*** Data section Section Begins ***

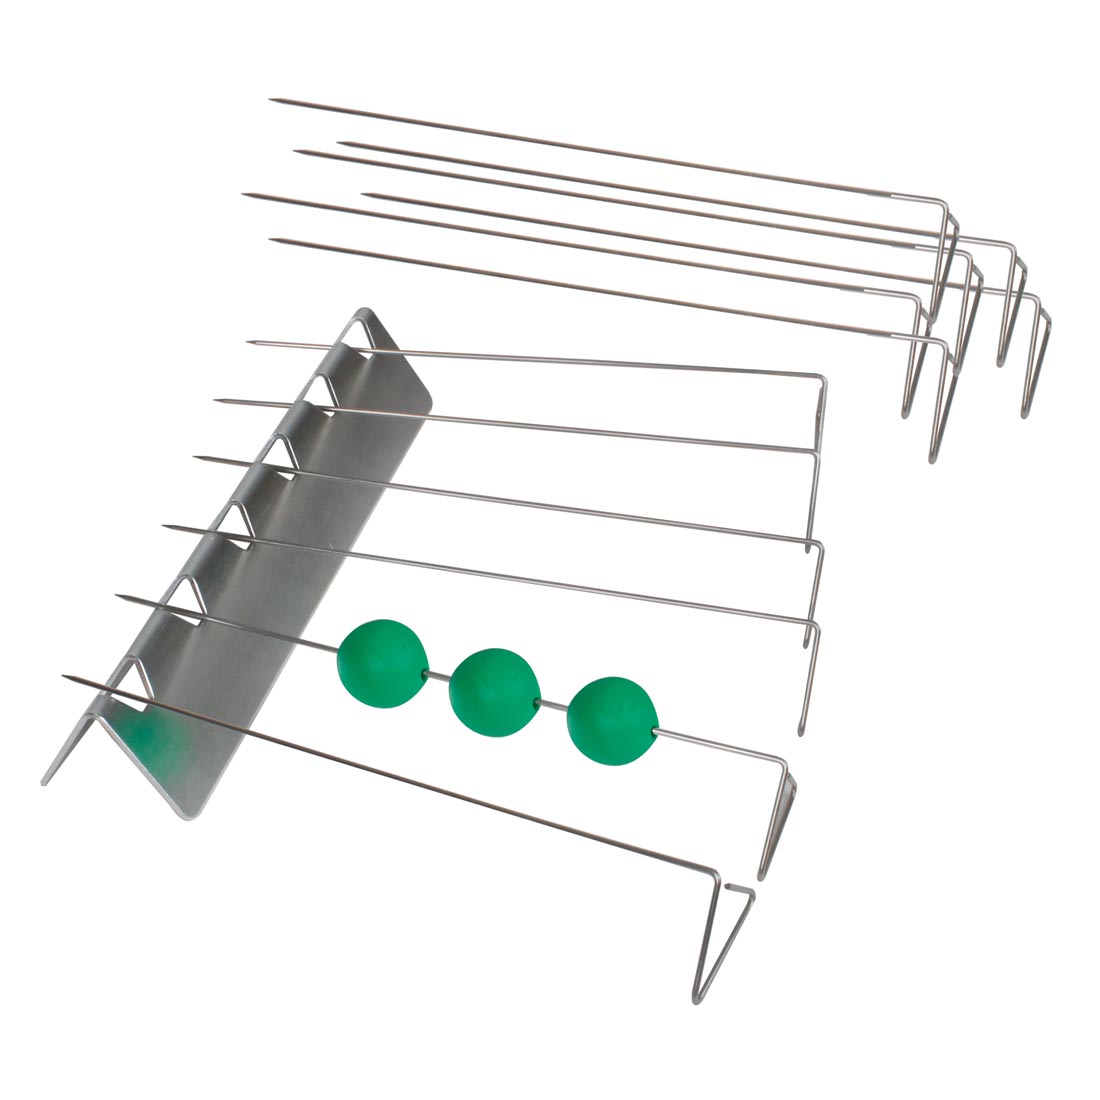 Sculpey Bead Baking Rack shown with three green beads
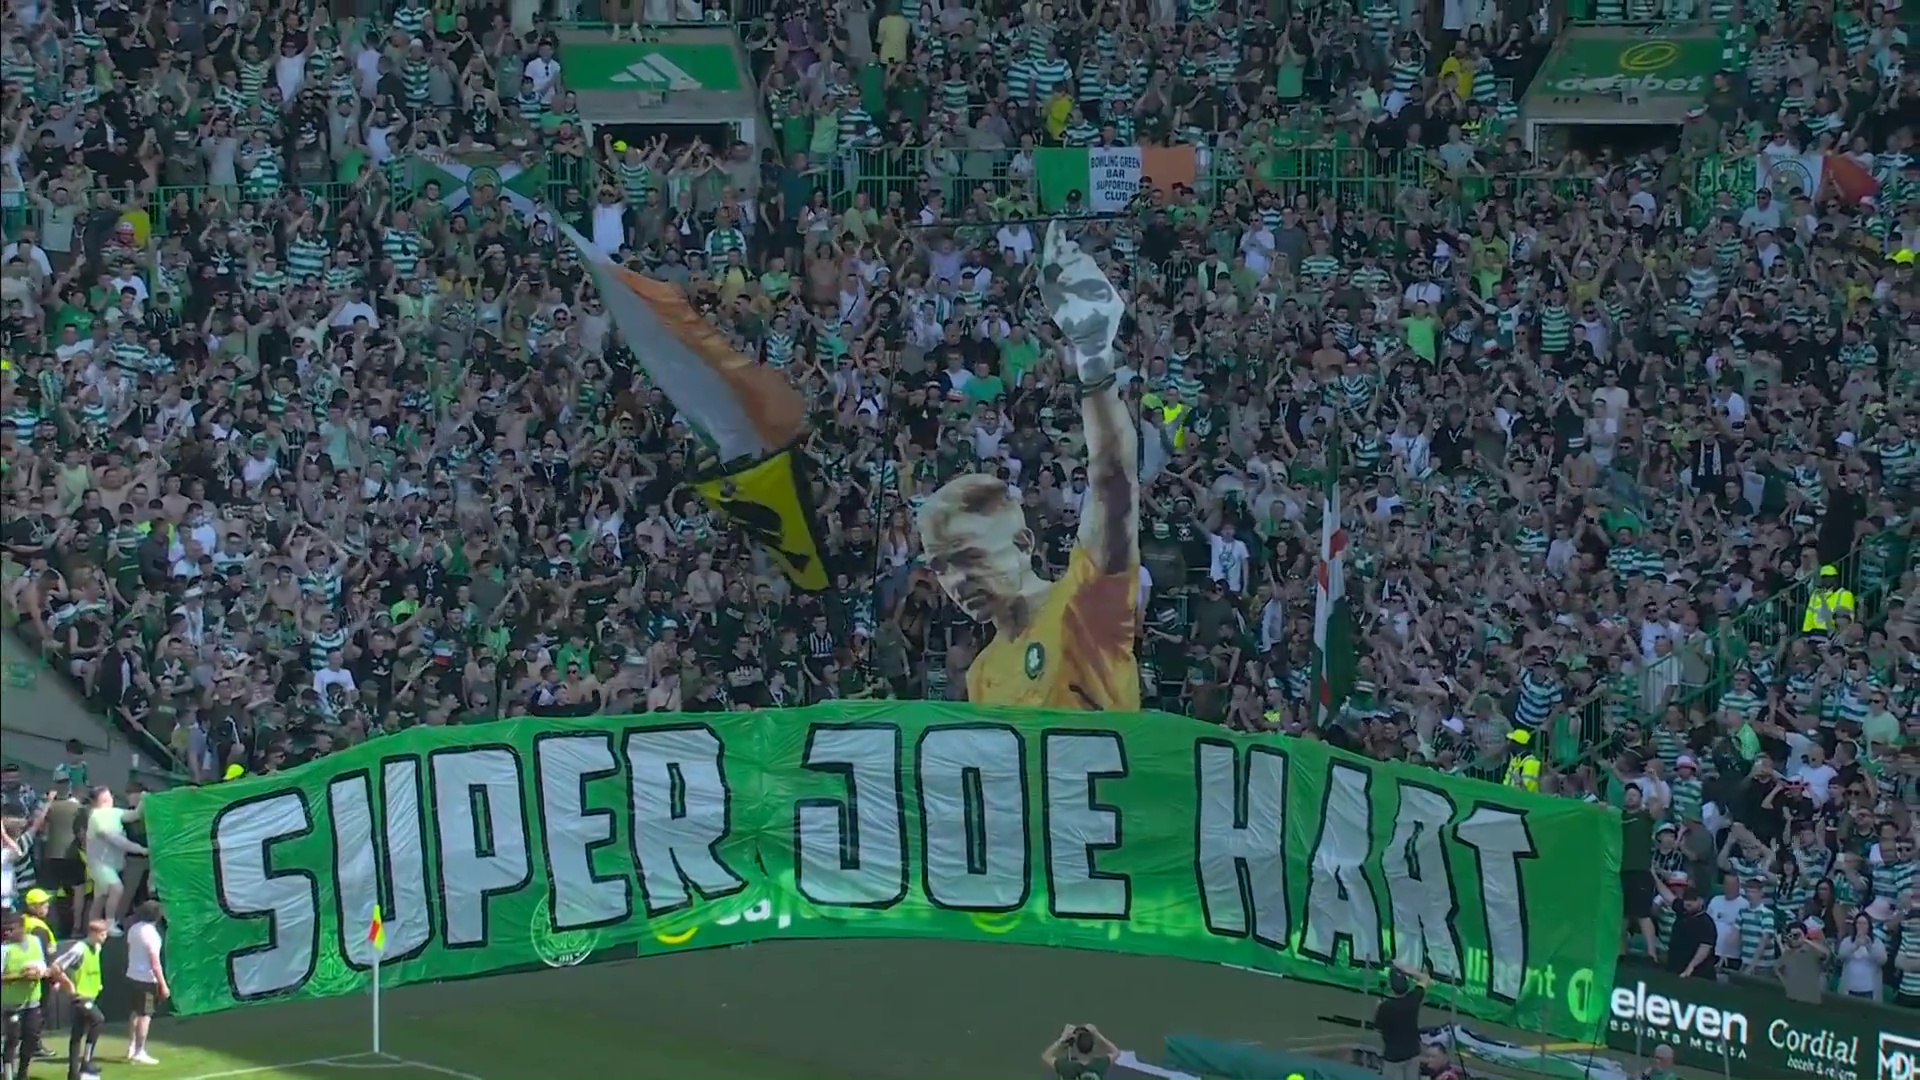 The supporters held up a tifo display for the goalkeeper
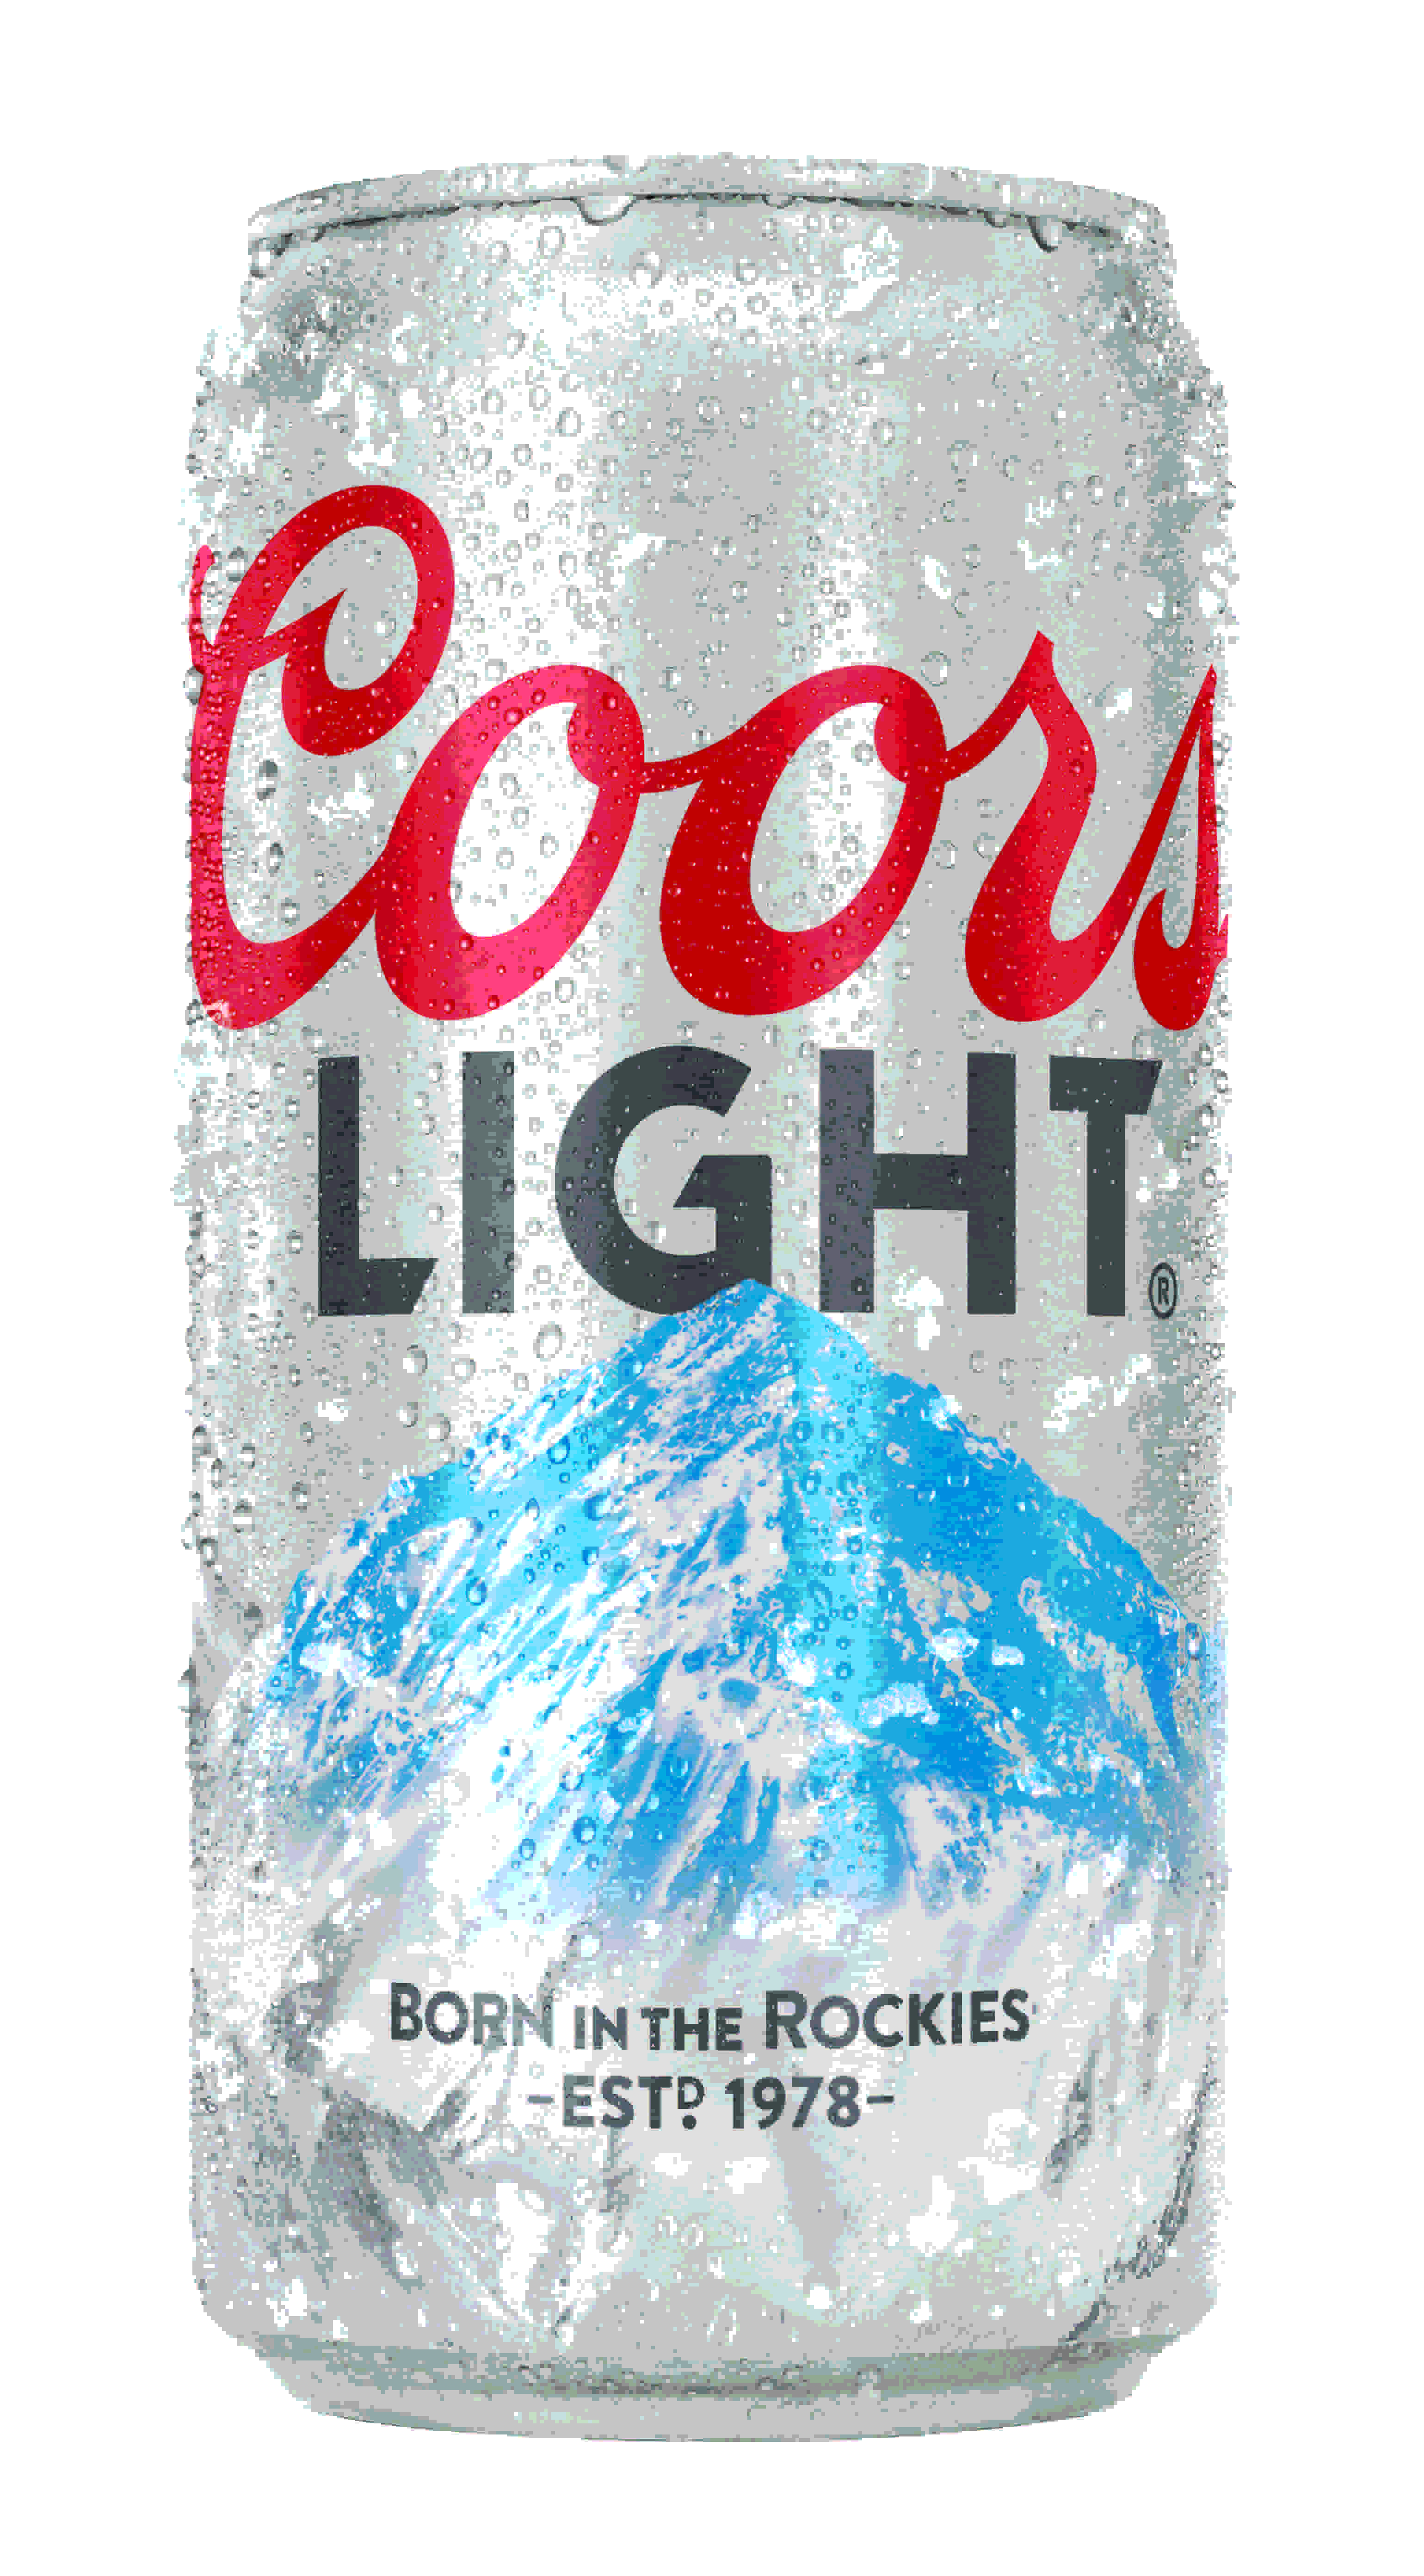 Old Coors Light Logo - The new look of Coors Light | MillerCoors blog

*** Data section Section Ends ***

# Problem description
The data above should be restated exactly, with its images dropped.

# Written answer
 Sculpey Bead Baking Rack shown with three green beads
 The supporters held up a tifo display for the goalkeeper
 Old Coors Light Logo - The new look of Coors Light | MillerCoors blog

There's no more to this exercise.